BEGIN

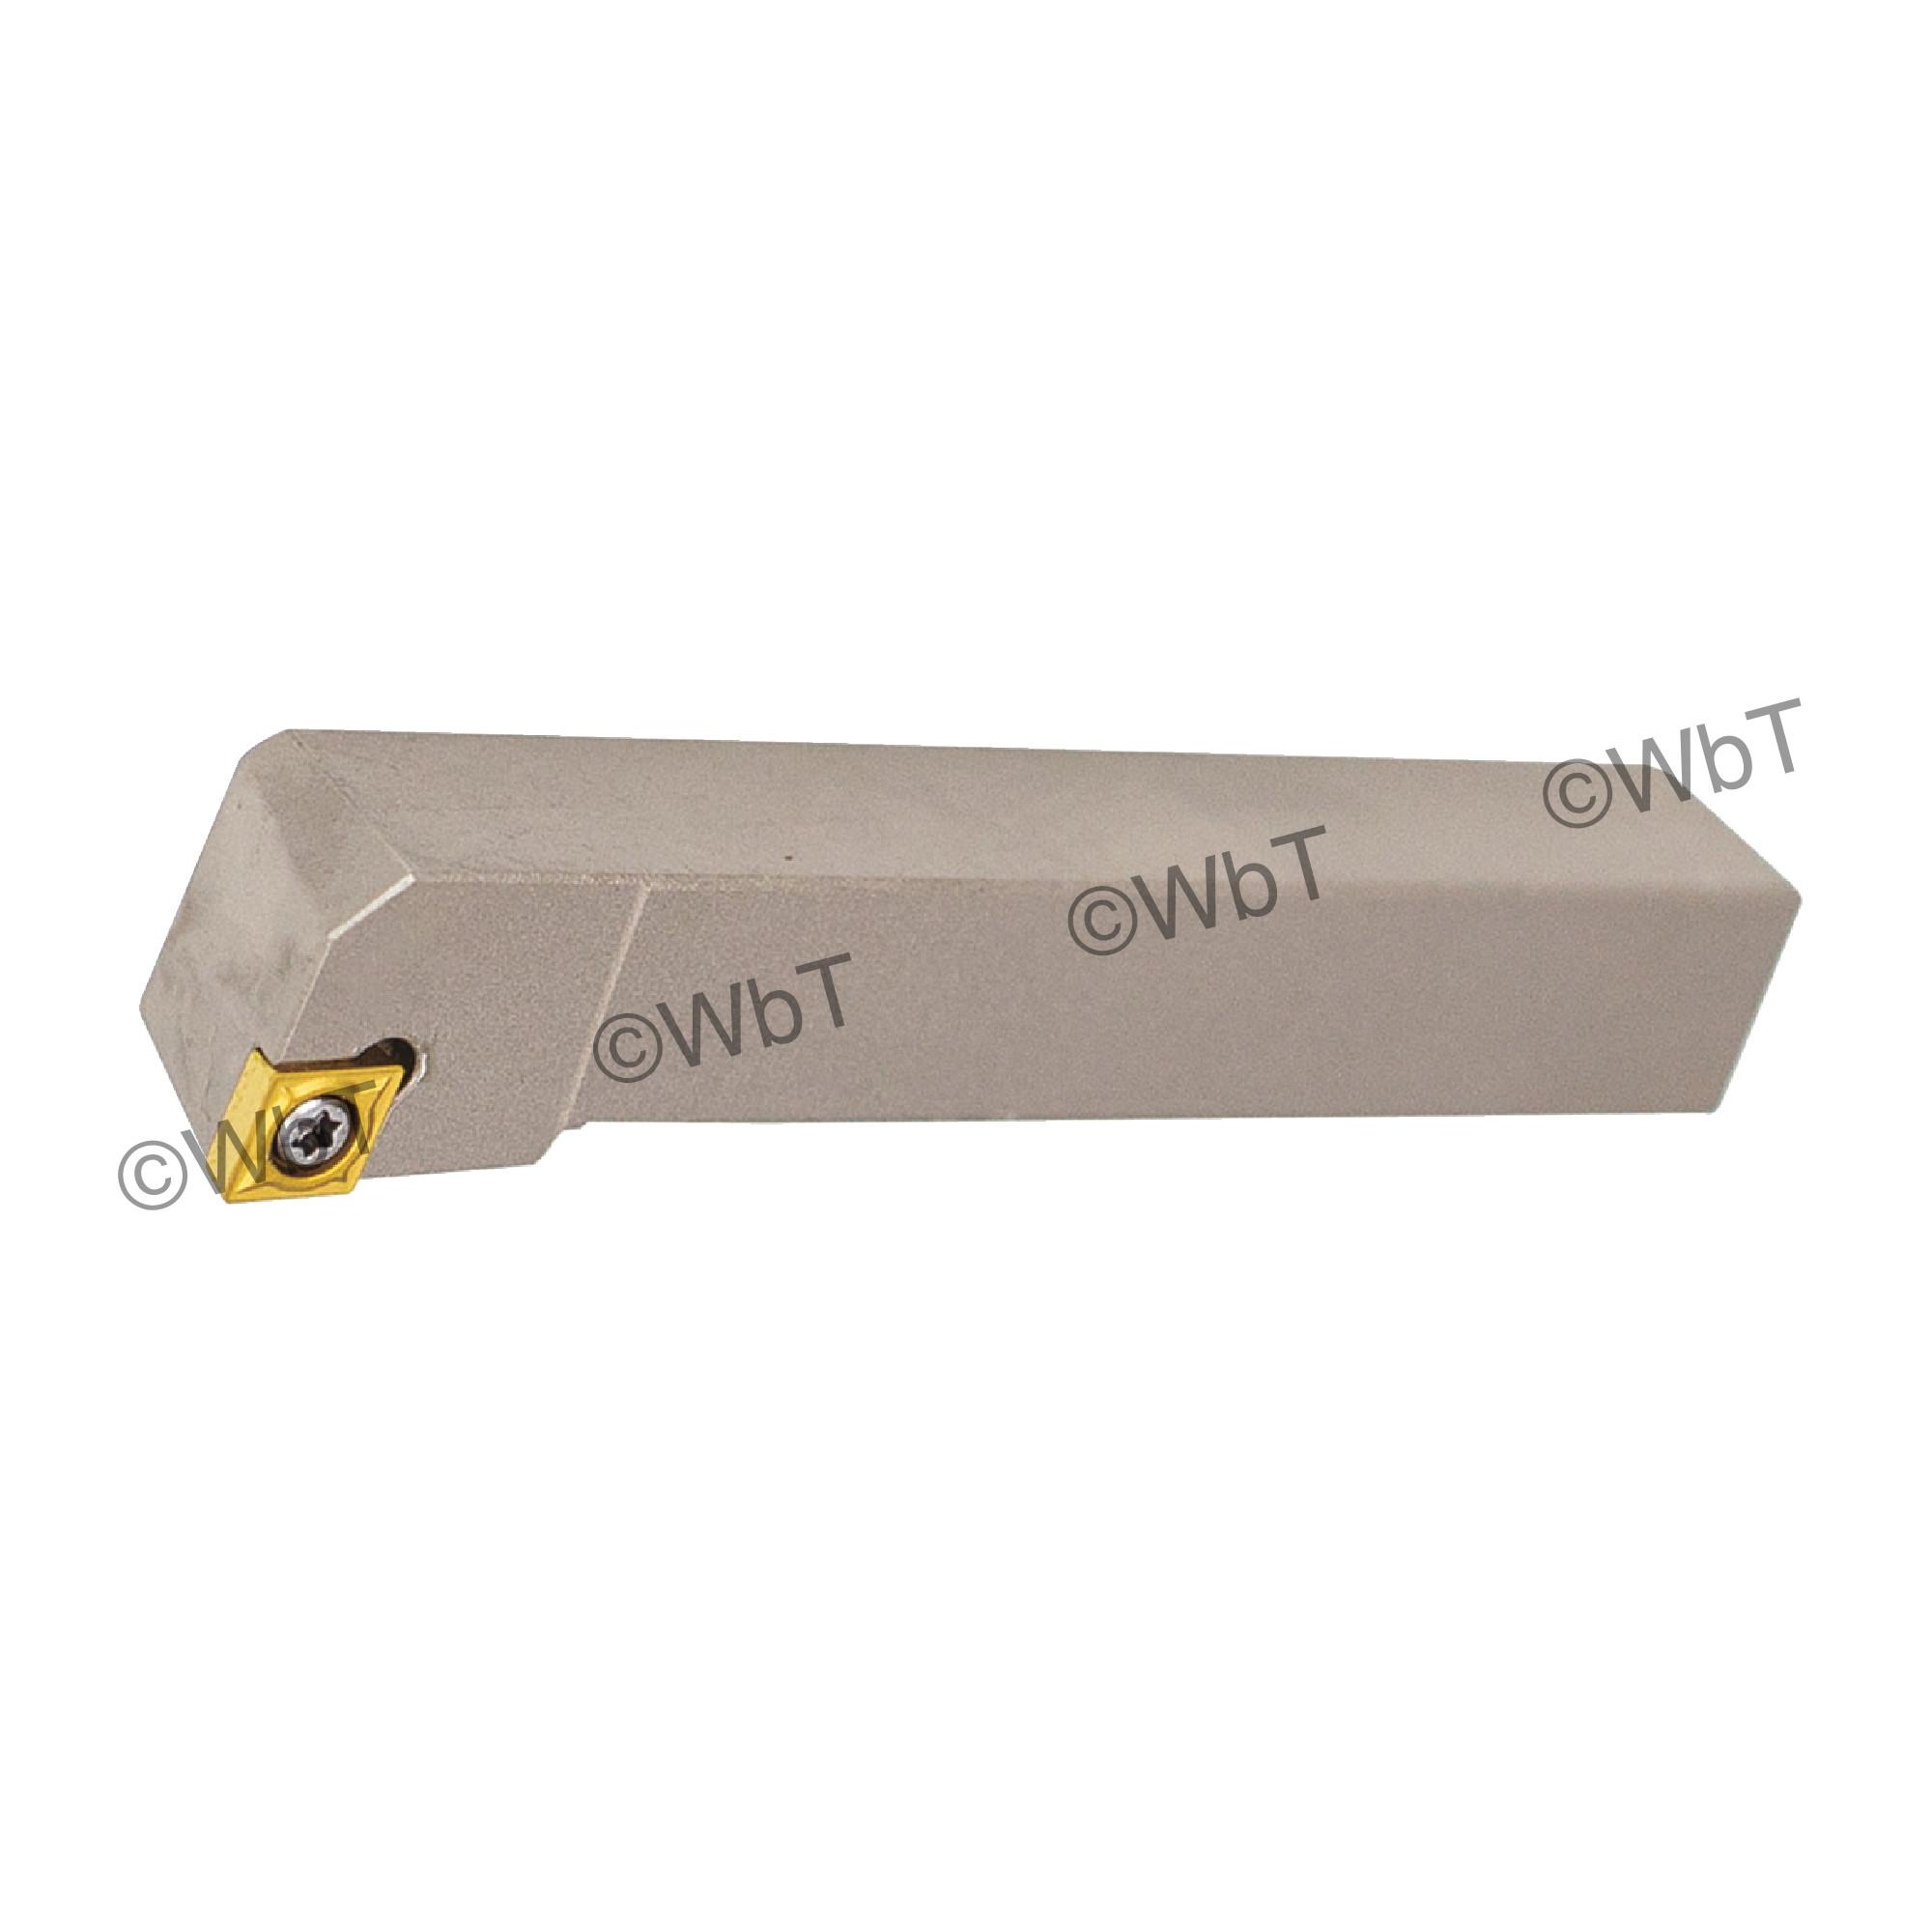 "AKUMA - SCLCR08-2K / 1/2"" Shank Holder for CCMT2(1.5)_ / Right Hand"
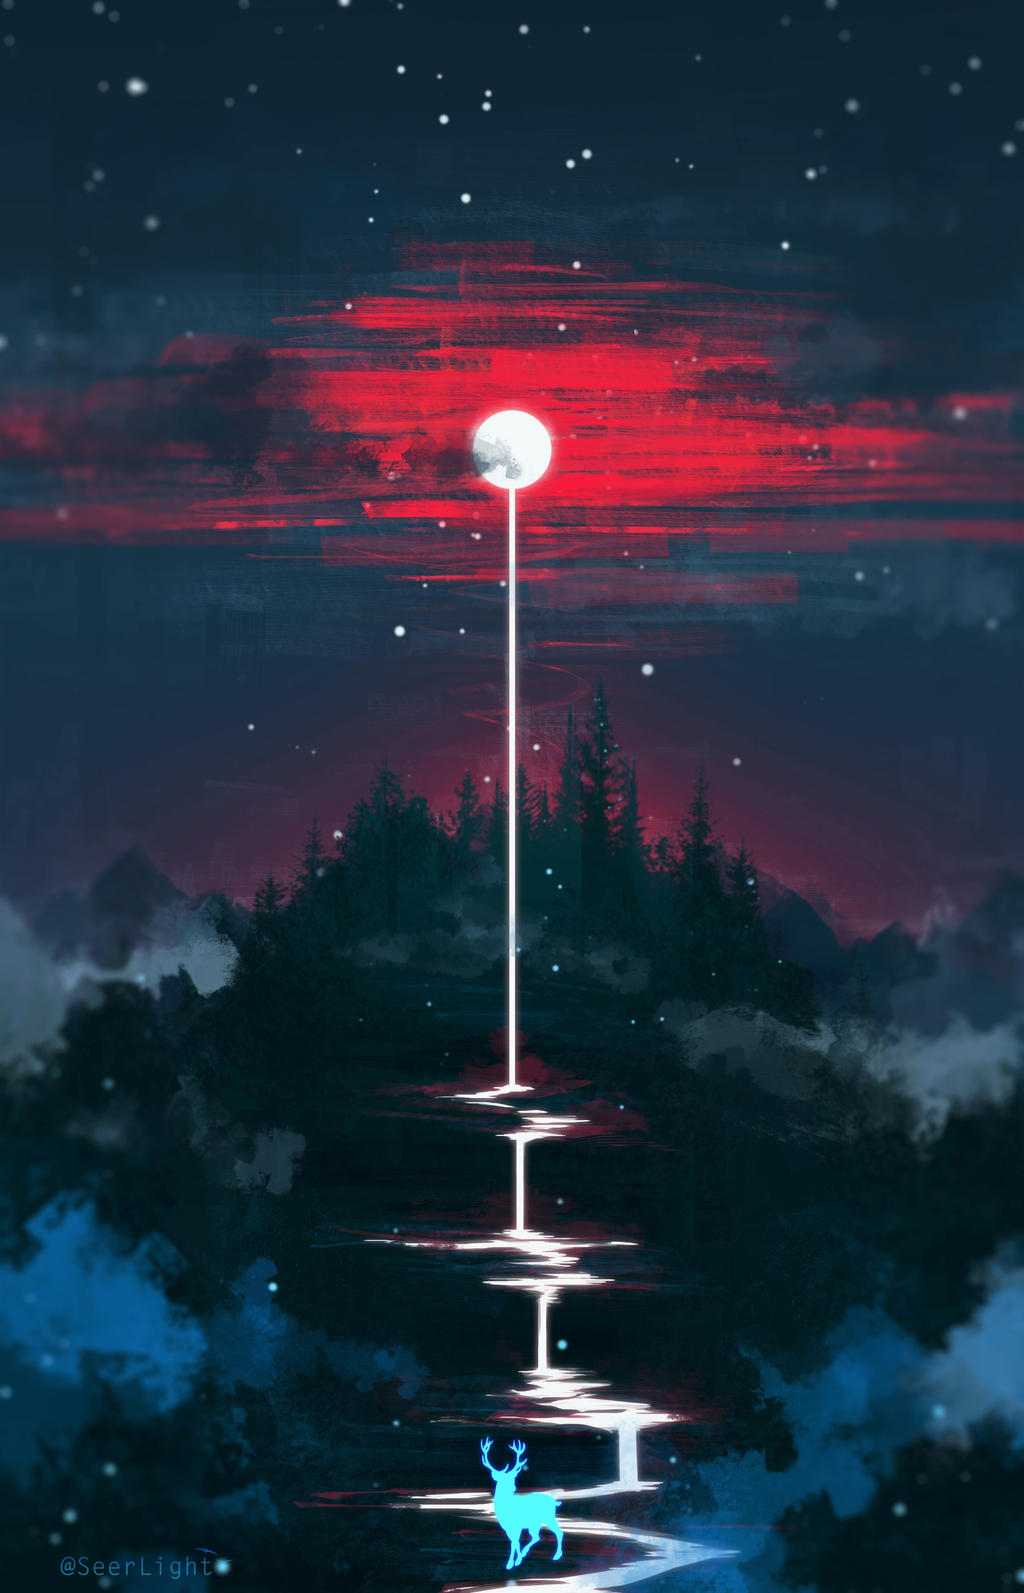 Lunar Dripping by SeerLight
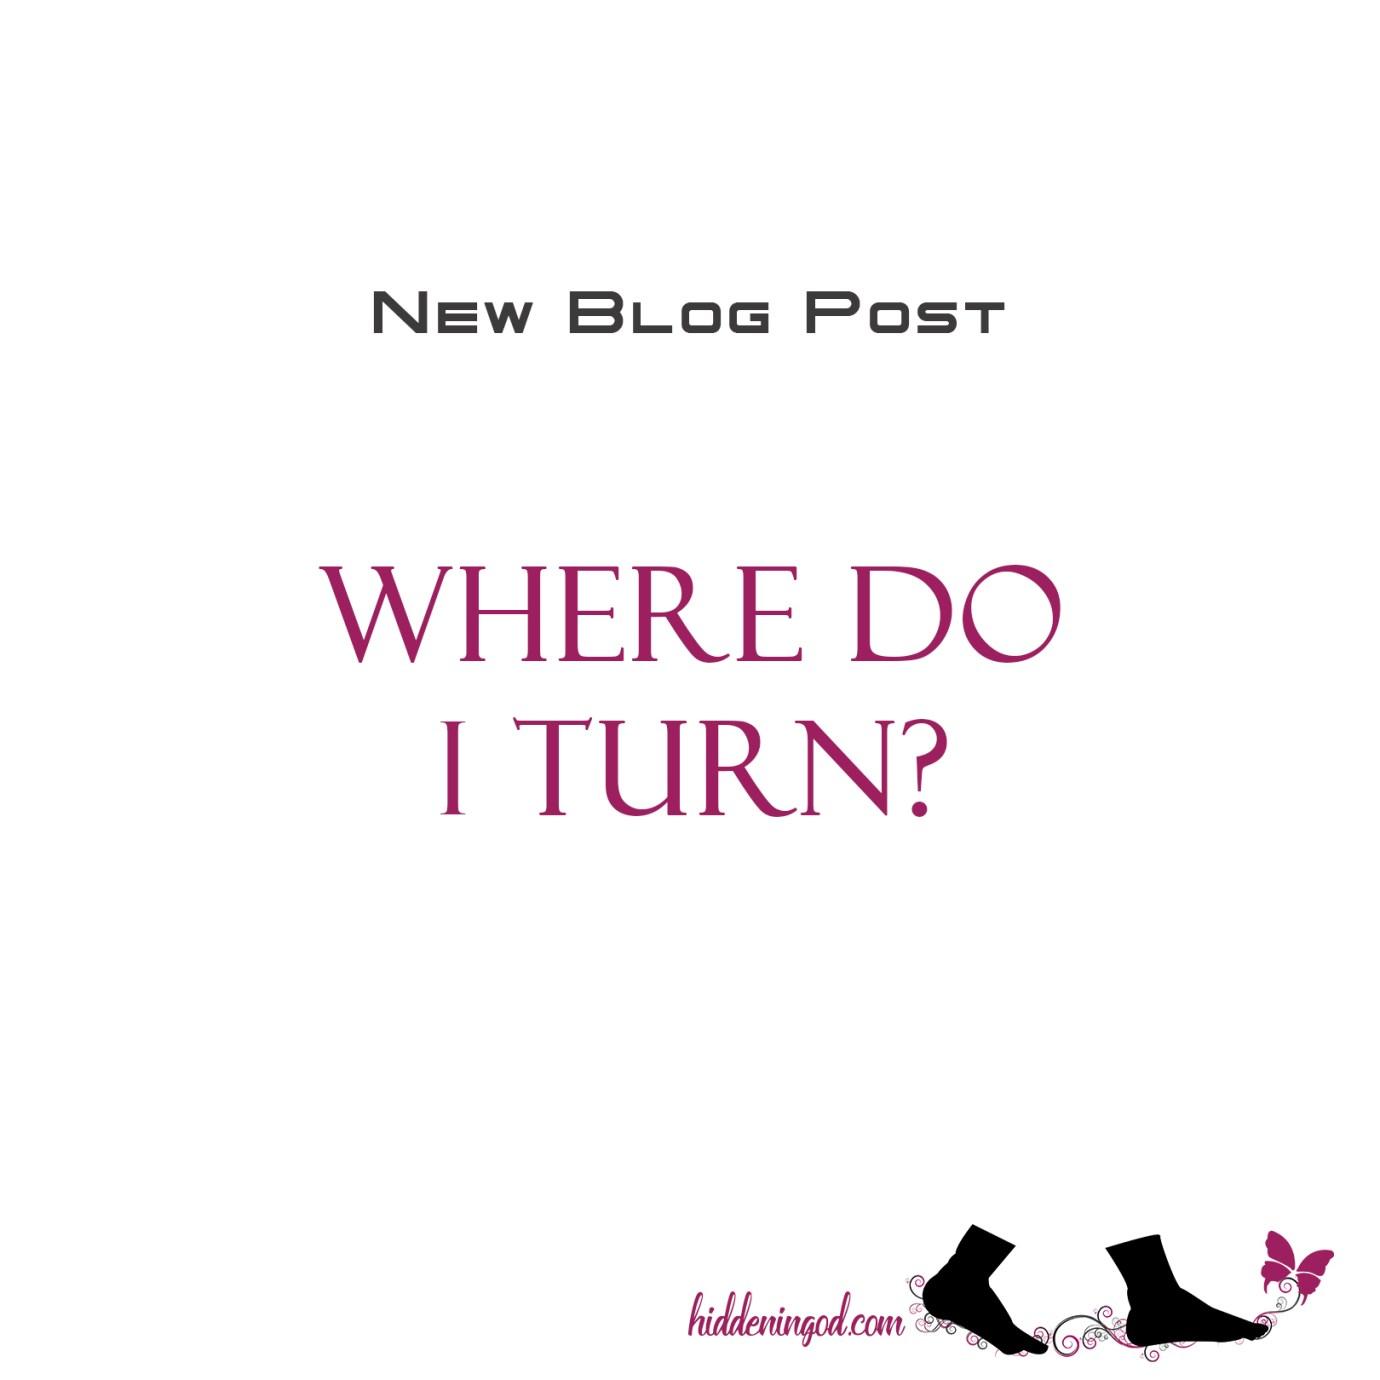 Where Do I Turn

END

Leave out the pictures; repeat the data exactly.

**Response for this exercise**
 "AKUMA - SCLCR08-2K / 1/2"" Shank Holder for CCMT2(1.5)_ / Right Hand"
 Lunar Dripping by SeerLight
 Where Do I Turn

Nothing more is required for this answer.